Now, Green is working toward her goal of home ownership with the help of StreetCred, a Boston Medical Center (BMC) program that aims to foster prosperity among the families of pediatric patients. In eight financial literacy sessions, Green and a small group of mothers immersed themselves in strategies like budgeting, saving, and planning for financial emergencies.
“Before, I just spent my money. I didn’t know where it went,” says the 28-year-old. “Now I have a budget and I stick with it.”
Green also is excited about the possibility of building the generational wealth her own family could not provide. “My parents were teenagers when they had me. They did their best, but I want to make a real difference for my children,” she says.
The StreetCred effort that helps Green is part of a nationwide, academic medicine-based movement to reduce the economic strain that often fuels ill health. It involves offering financial counseling, tax preparation, and public benefit enrollment, among other services, right alongside blood pressure checks and medication assessments.

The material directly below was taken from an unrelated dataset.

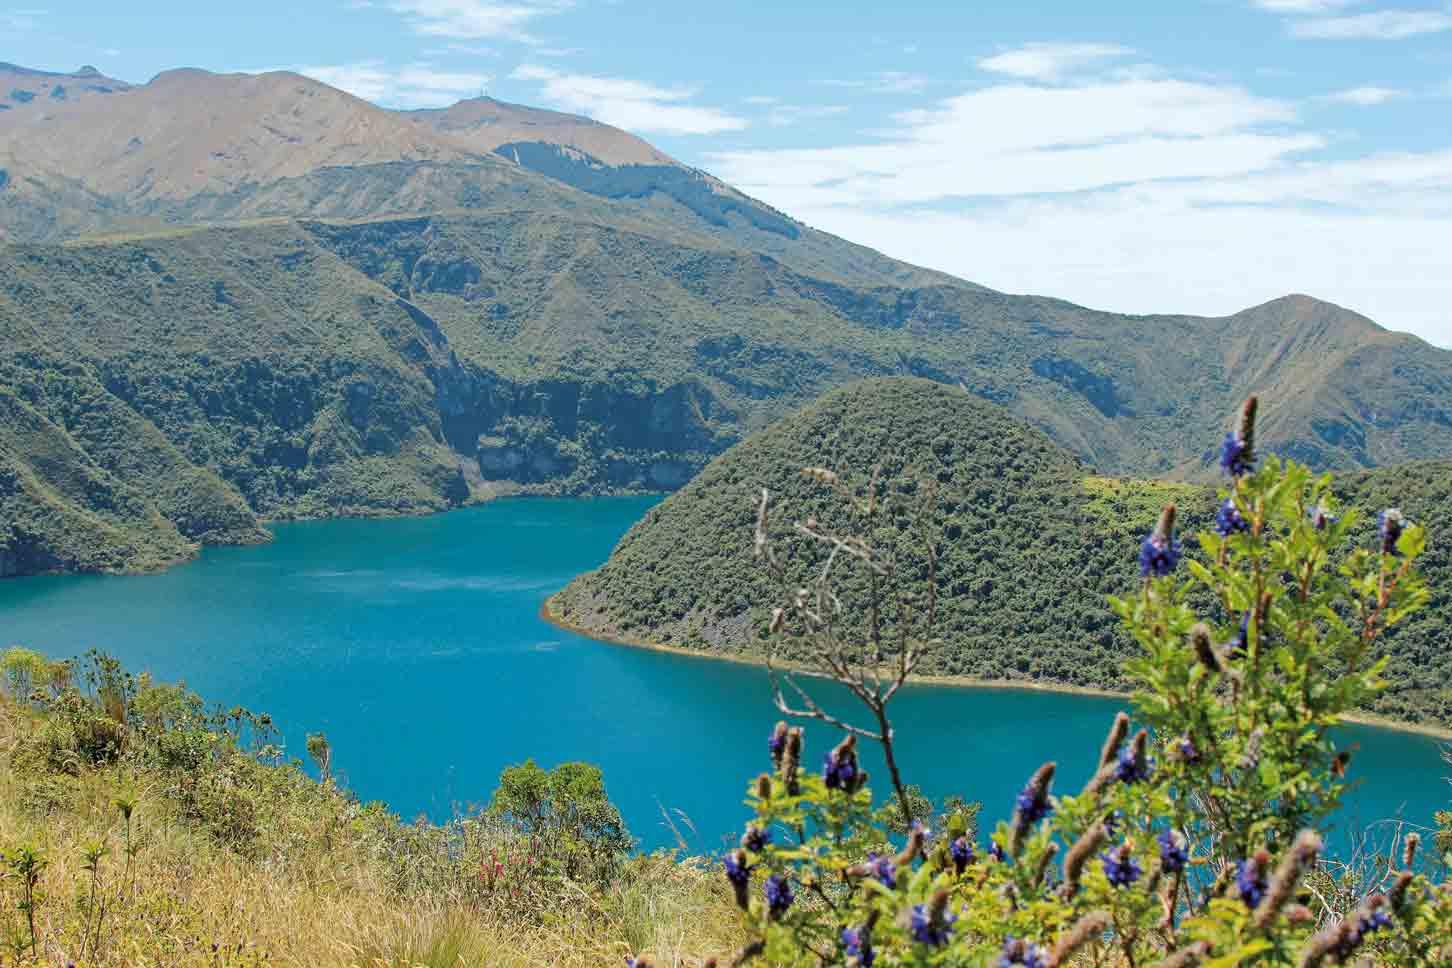 Wanderung am Cuicocha-Kratersee, Ecuador

These programs, called medical financial partnerships (MFPs), help patients — and sometimes hospital staff and community members — navigate a variety of resources that can foster economic stability.
“Health care has been moving its focus upstream, thinking about social determinants of health,” says Adam Schickedanz, MD, PhD, co-director of an MFP at Harbor-UCLA Medical Center and other Los Angeles sites. “Now people are realizing that if we want to address the root causes underlying social determinants, we need to address patients’ financial situations directly.”
Extensive data highlight the connection between wealth and health. In the United States, the richest 1% of men live on average 15 years longer than the poorest 1%, and the richest 1% of women live about 10 years longer than their poorest peers. Among older individuals, those with the least wealth face a threefold risk of disability compared to those with the most. And child poverty — which disproportionately affects families of color — can undermine brain development, emotional well-being, and other health measures.
This reality has spurred the uptick in MFPs. “Five years ago, there were just a handful of programs in the country,” says Lucy Marcil, MD, MPH, StreetCred co-founder and executive director. “Today there are probably 20, and interest is growing.”
Most MFPs are in pediatric practices like hers, Marcil adds, largely because of how profoundly financial circumstances can impact a child’s health and subsequent life course.
“For many of the parents I see in my practice, finances are the biggest issue in their lives,” says Marcil. “I can tell parents to feed their children broccoli and read them a bedtime story, but if they can’t afford food or rent, they have little bandwidth to do either.”
Making tax prep less taxing
Several years ago, a parent struggling to find affordable, trustworthy tax preparation asked her BMC pediatrician for help — and thus began StreetCred. Since its 2016 launch, the program has helped over 6,000 families garner more than $14 million in tax refunds.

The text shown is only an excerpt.